Did you read the title of this post? Be sure you do, it's a clue about what lies ahead in these next posts.
So fast forward a couple of weeks... It is now December 19, 2007. I get off the plane in Ohio with the feeling you get of waking up on Christmas Morning. I desperately want to go see my car, because I've been hearing that although the engine is out and the new one is prepped to go in, it hasn't been done. Obviously I want to make a personal visit to Honda Bob to see if I can help. My deadline is set though, I tell him I'd like the car before Christmas so I can enjoy it as my "Christmas Present." I am on 30 days of leave and must report back to Fort Bliss in El Paso Texas on January 19 (keep in mind it's a 2 day drive minimum).
I arrive at the shop which has no heat and it is December, so that means that yes, there is snow and ice on the ground. This is what I find:
"Feed Me"
Engine Dangling, and that's my dad in the background
Here is the interior, at least the Hondata S300 is wired up
The next couple of days I pay 2 or 3 visits to Honda Bob, an hour trip each way is required to do this. But he seems to be moving slowly but on the 23rd, the engine is installed, the laptop is hooked up to the Hondata and the key is finally turned...
It turns over immediately. The gurgly rumble of the engine shows that it's not purring like a kitten yet, and the thick black exhaust make opening the door to the bay a necessity, even though I believe that the door always should've been open because the shop was colder than the air outside... But the cylinder head is making a clicking noise and the oil pressure is showing next to nothing. Not good.
We turn the car off. Oil is leaking where the AN fitting running from the oil filter relocation kit connects to the oil cooler
Just a sample picture of where I mounted it
Okay, no problem, we'll take care of one problem at a time. First the oil. We loosen and retighten the fitting and start it back up.
More oil comes out, oil pressure is still virtually nil.
We scratch our heads. The clicking valvetrain is also pretty annoying too.
It was late at night at this point, so after I realized we weren't going to get around to tuning, and with Christmas Eve and Day the following two days, the car was going to have to wait.
When I came back to the shop on the 27th, we decided to try to attack the clicking valve train. It kinda sounded like the noise a sewing machine makes when the needle hits the base and breaks, only over and over and over. Honda Bob hypothesized it was the lost motion assembly being out of spec, and went about placing washers that were .004 thick underneath all 8 lost motion assemblies. It shimmed them up and all rocker arms were level with each other and we bolted everything back up.
It didn't work, and the oil still was leaking, despite the desperate attempt by me to change out, and then JB weld the one oil leak that continually occured at the oil cooler.
Bob proceeded to pull the block again and when he unbolted the oil pan to inspect what was wrong with it, he noticed some metal shavings. It turned out to be from the balance shafts grinding due to lack of oil pressure.

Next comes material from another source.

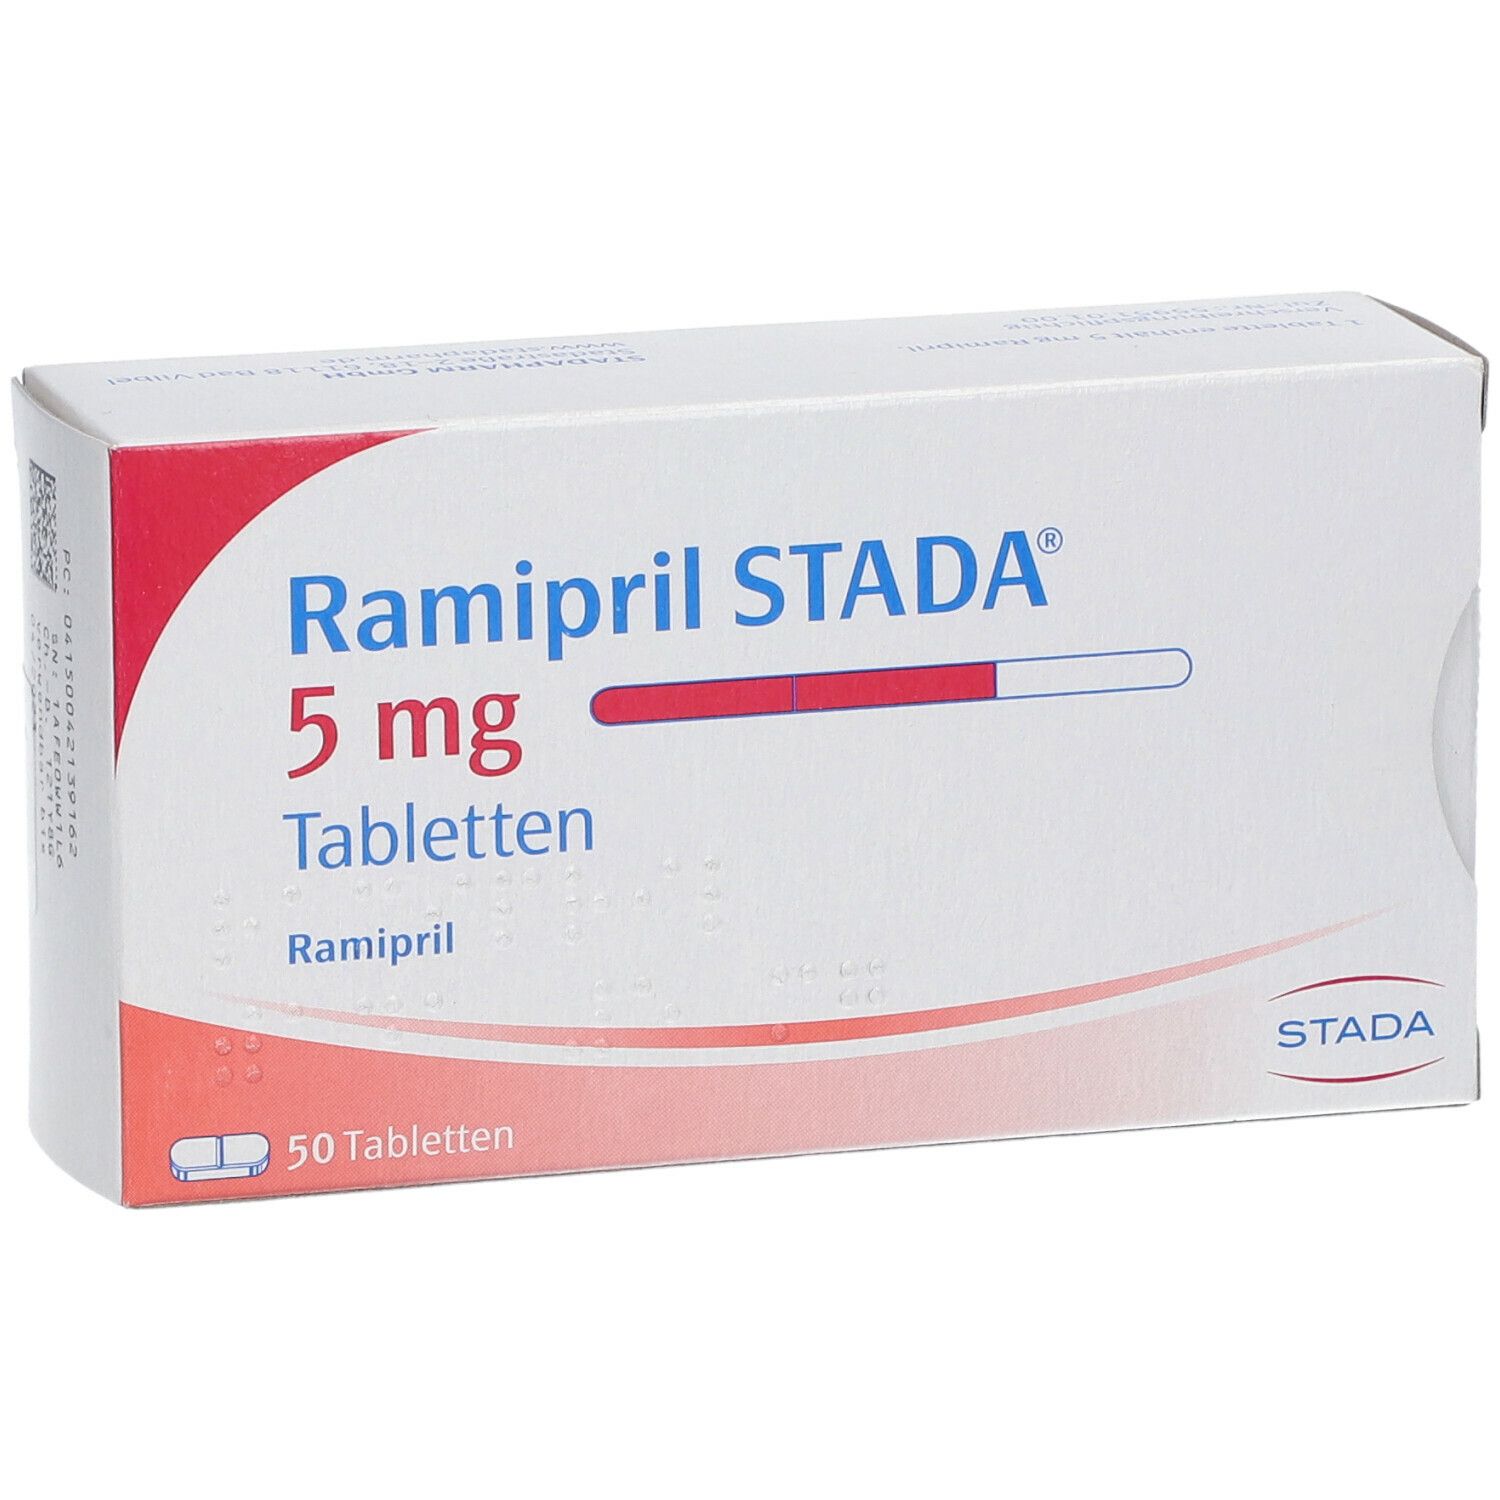 Ramipril STADA® 5 mg

The block now had to be cleaned and rebuilt as well as a brand new set of ACL rod and crankshaft bearings being ordered at my expense and overnighted. I was running out of time, but Bob promised a miracle that he could get it put back together in time. (oh yeah and I also had to get a diamond hone for the cylinder walls to increase that expense). I didn't have to reorder the one balance shaft that was destroyed though, because bob had an F23 he pulled out of a 98-02 Accord and used that (it works!)
To cut out much of the bullsh*t, I'll fast forward to roughly January 14. Out of time and stressed out, my dad and I had been doing an emergency overhaul on my sister's old 1989 Honda Accord DX (carbeurated, haha). It needed a new head gasket, alternator and 3 different ball joints. Ever seen the movie Apollo 13? This was our lifeboat Aquarius, because the Oddysey (my prelude) seemed dead in the water. (the space jab is appropriate because everytime we installed the engine into the engine bay we'd say "the eagle has landed" *golden eagle, get it?*)
Then a phone call came from Honda Bob... "So this is what torque feels like" I could hear a canister muffler drone in the background and I asked "What are you talking about?" Apparently, when Bob unplugged the fancy oil cooler system I had spent so much money and time on, and just put in the factory filter in the factory location (a non-permanent, but necessary attempt), the oil pressure showed normal. Sucess!
At this point, I was going to miss my return time to Fort Bliss, but with a forgiving Commander, I was granted an additional 3 days of leave to wrap it all up. We had our work cut out for us though... Take out the engine, install just the oil filter relocation kit, put it all back in, and tune it.